* Task directions
Quote each line of the material verbatim, without the pictures.

* Given information
===

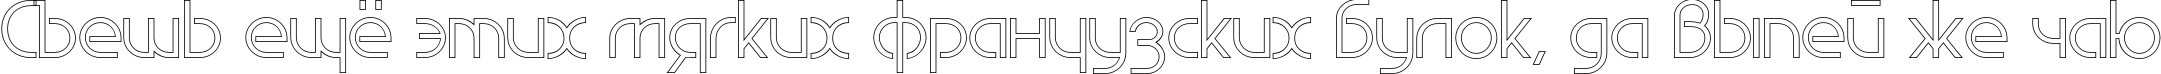 Пример написания шрифтом EdgeLineOutline текста на русском
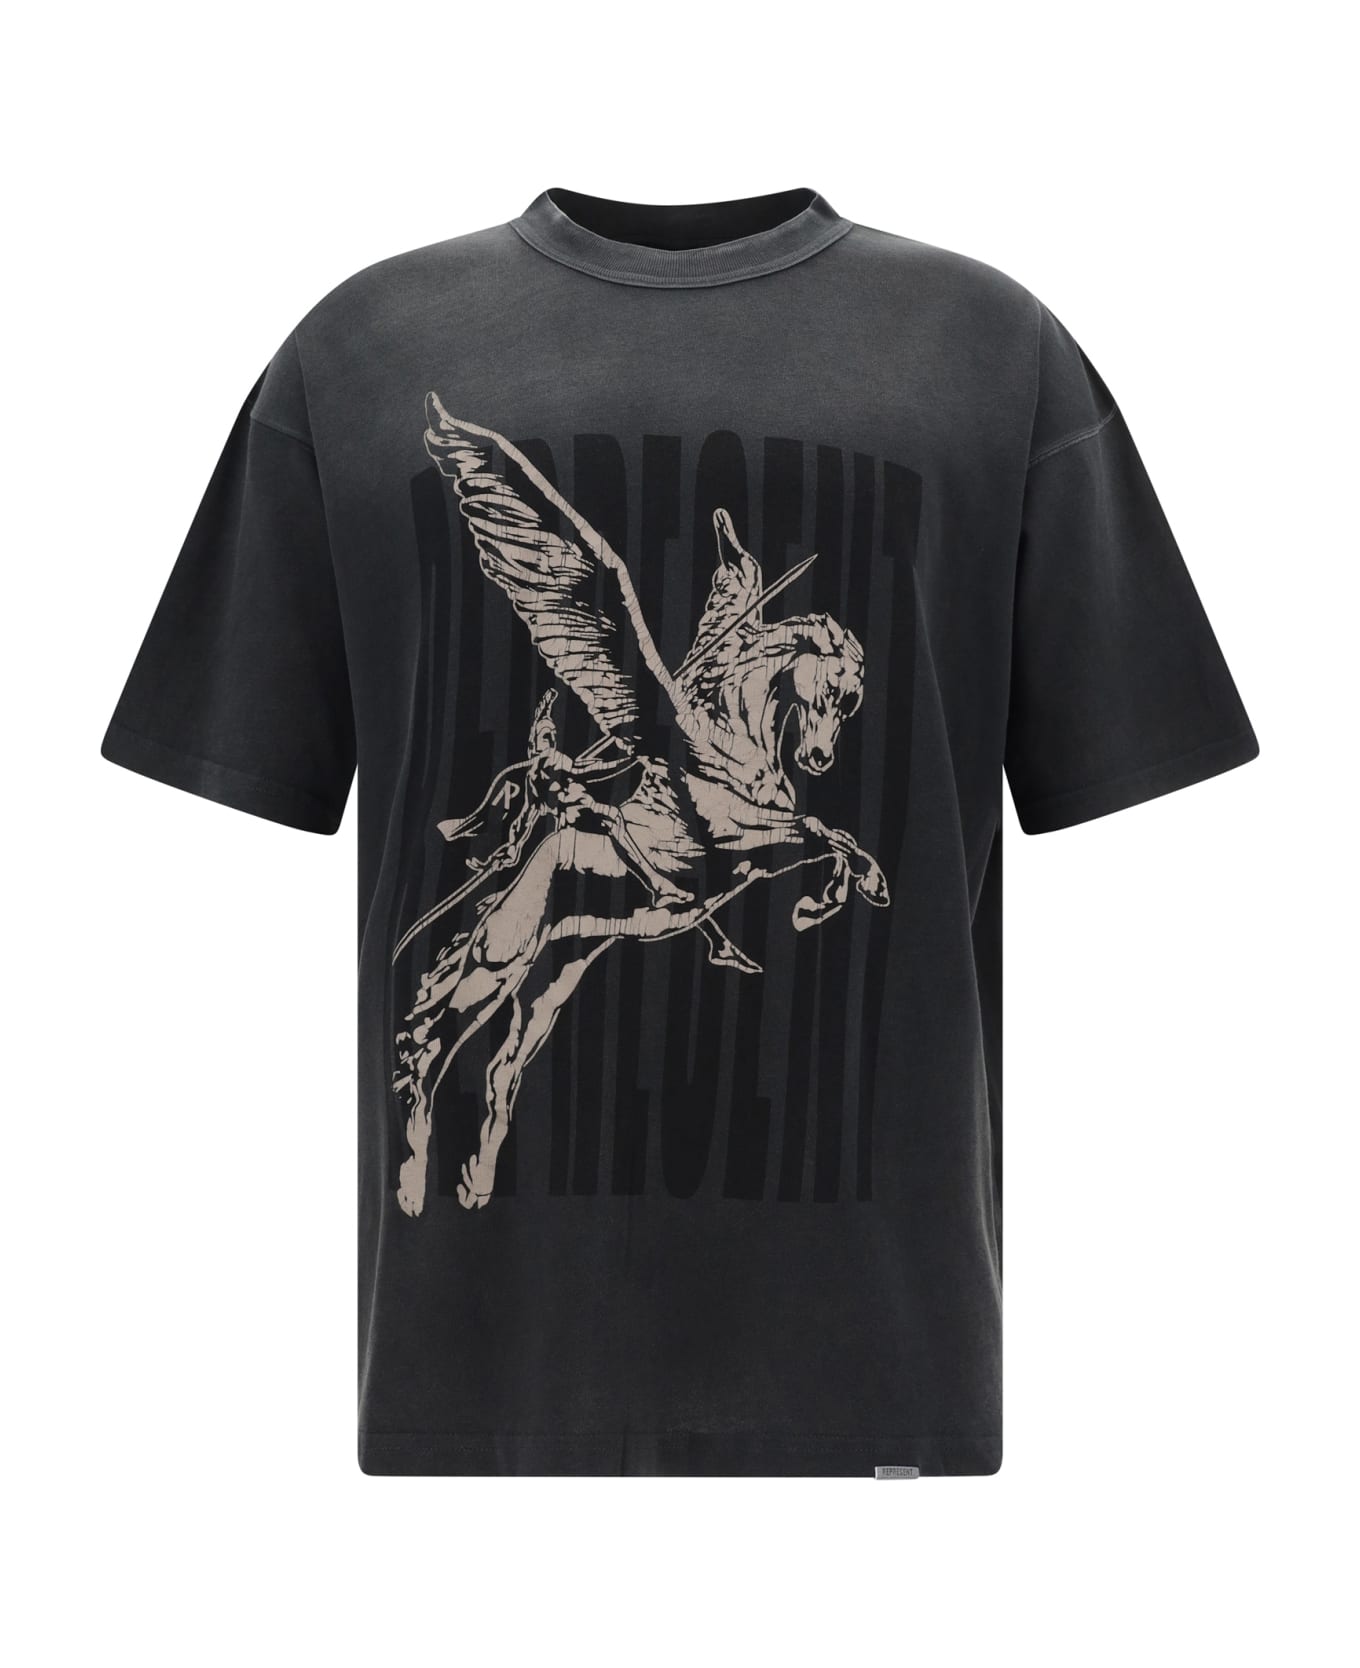 REPRESENT Spirits Mascot T-shirt - Aged Black シャツ
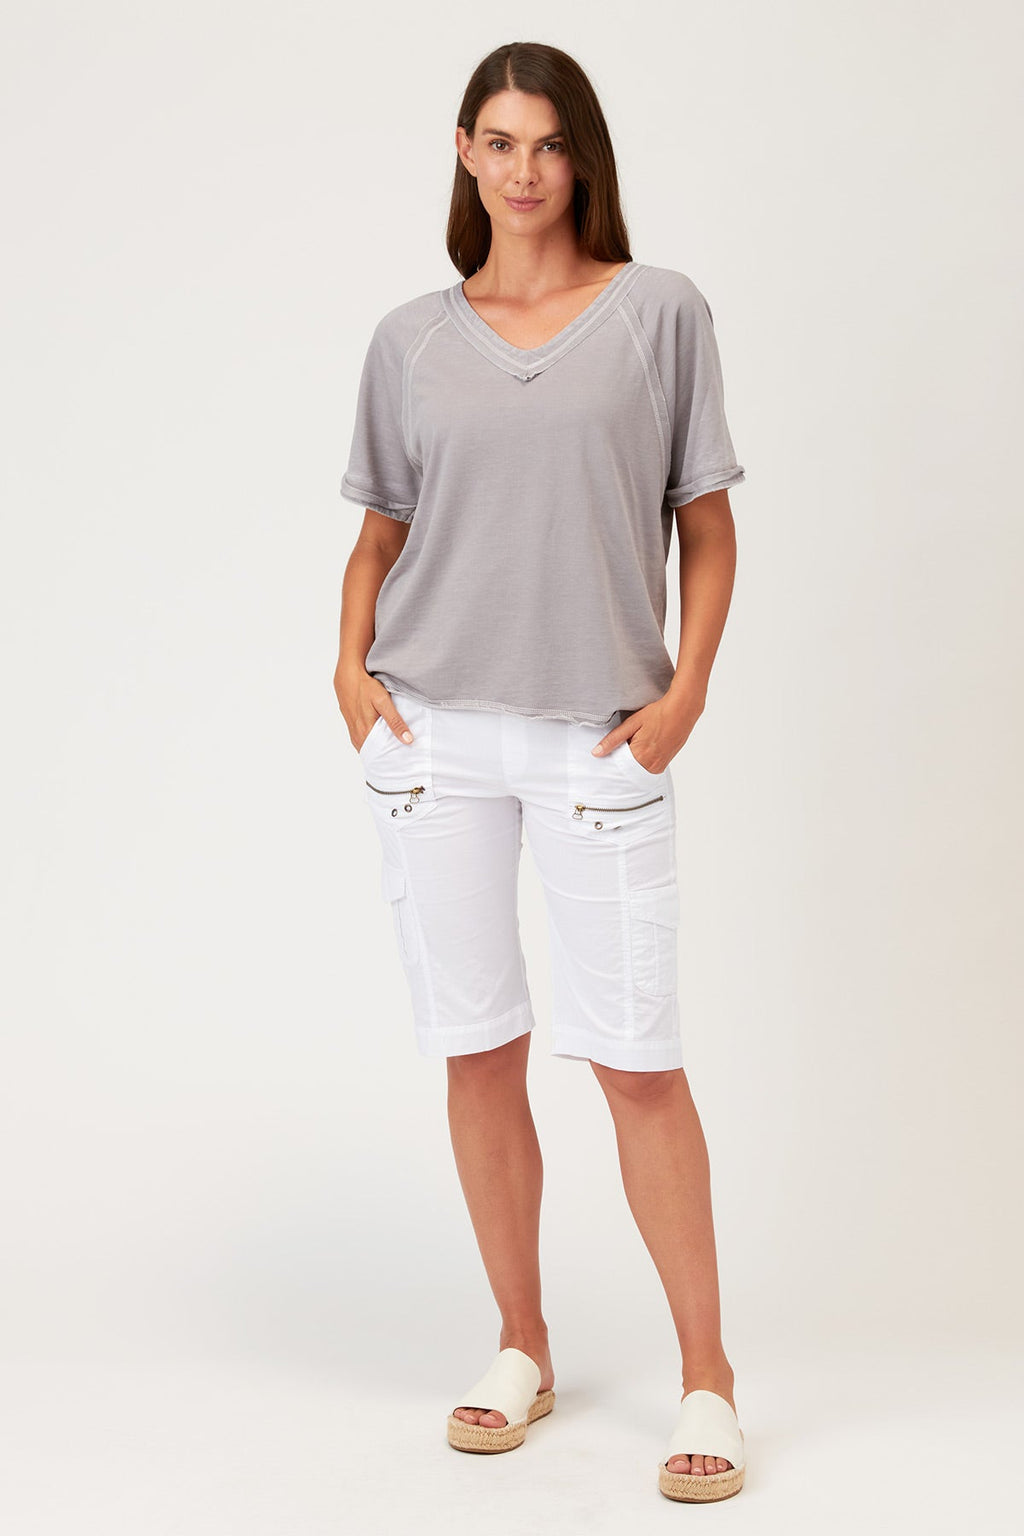 Zola Bermuda Short in White – XCVI

===

* Written reply
 Пример написания шрифтом EdgeLineOutline текста на русском
 REPRESENT Spirits Mascot T-shirt - Aged Black シャツ
 Zola Bermuda Short in White – XCVI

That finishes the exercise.